Source data:
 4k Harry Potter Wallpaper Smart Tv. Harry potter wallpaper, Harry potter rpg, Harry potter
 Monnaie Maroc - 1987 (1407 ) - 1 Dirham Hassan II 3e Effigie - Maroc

...

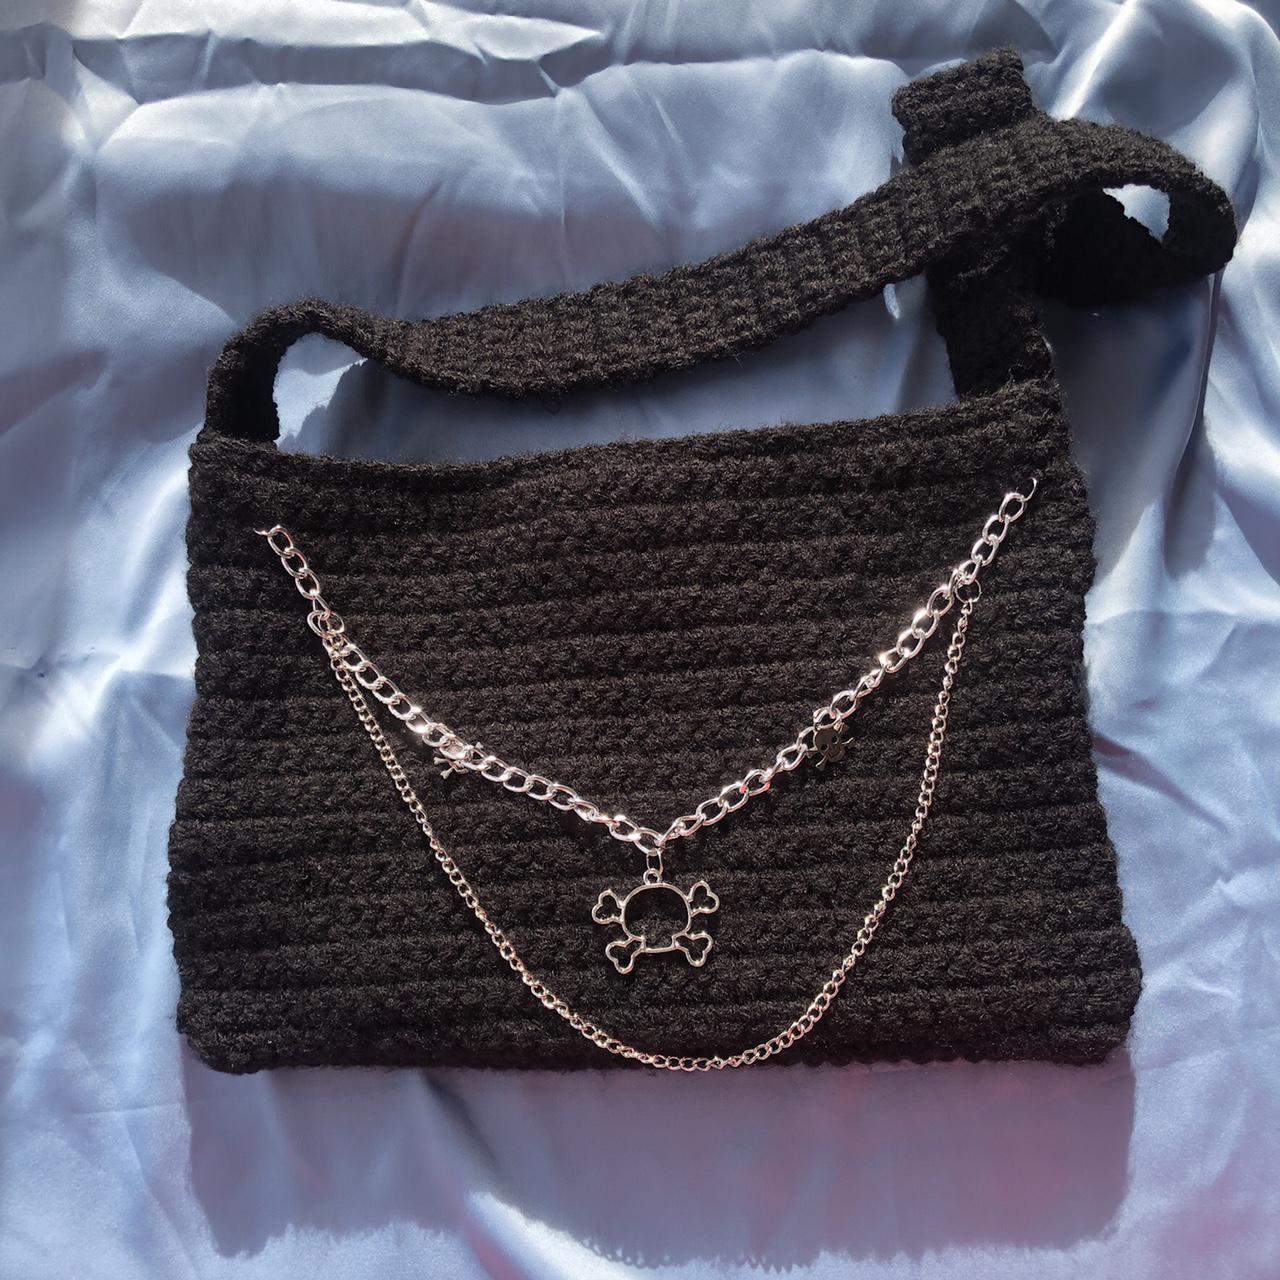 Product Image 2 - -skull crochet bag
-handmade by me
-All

--

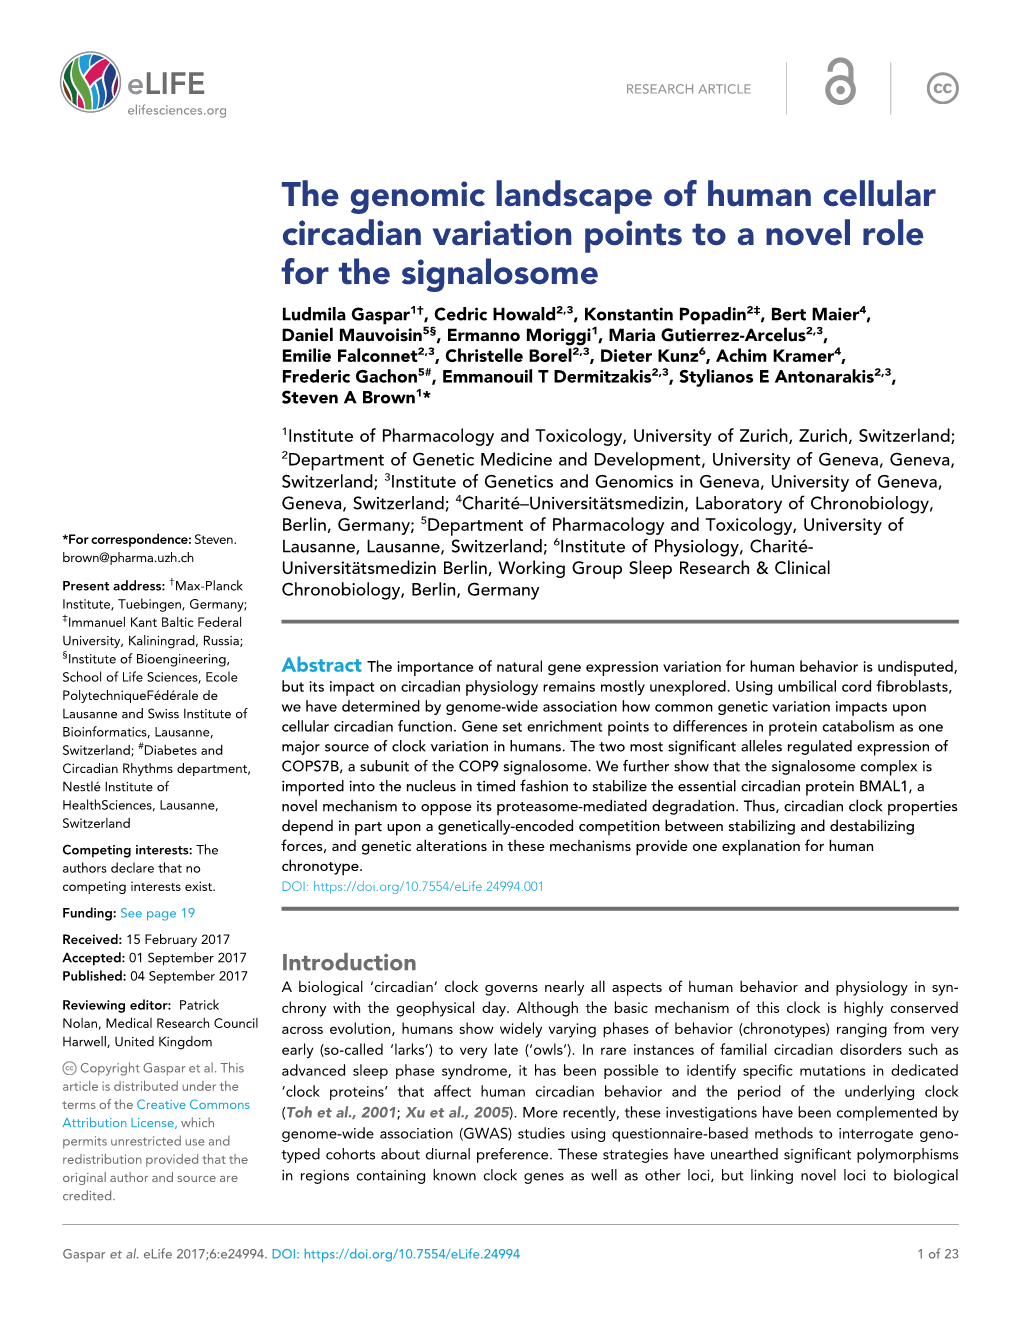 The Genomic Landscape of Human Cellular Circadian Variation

What you are asked to do: The required output is the stretch of entries above from the line containing "4k Harry Potter" through the line containing "Monnaie Maroc - 1987", reproduced exactly.

Answer to this exercise:
 4k Harry Potter Wallpaper Smart Tv. Harry potter wallpaper, Harry potter rpg, Harry potter
 Monnaie Maroc - 1987 (1407 ) - 1 Dirham Hassan II 3e Effigie - Maroc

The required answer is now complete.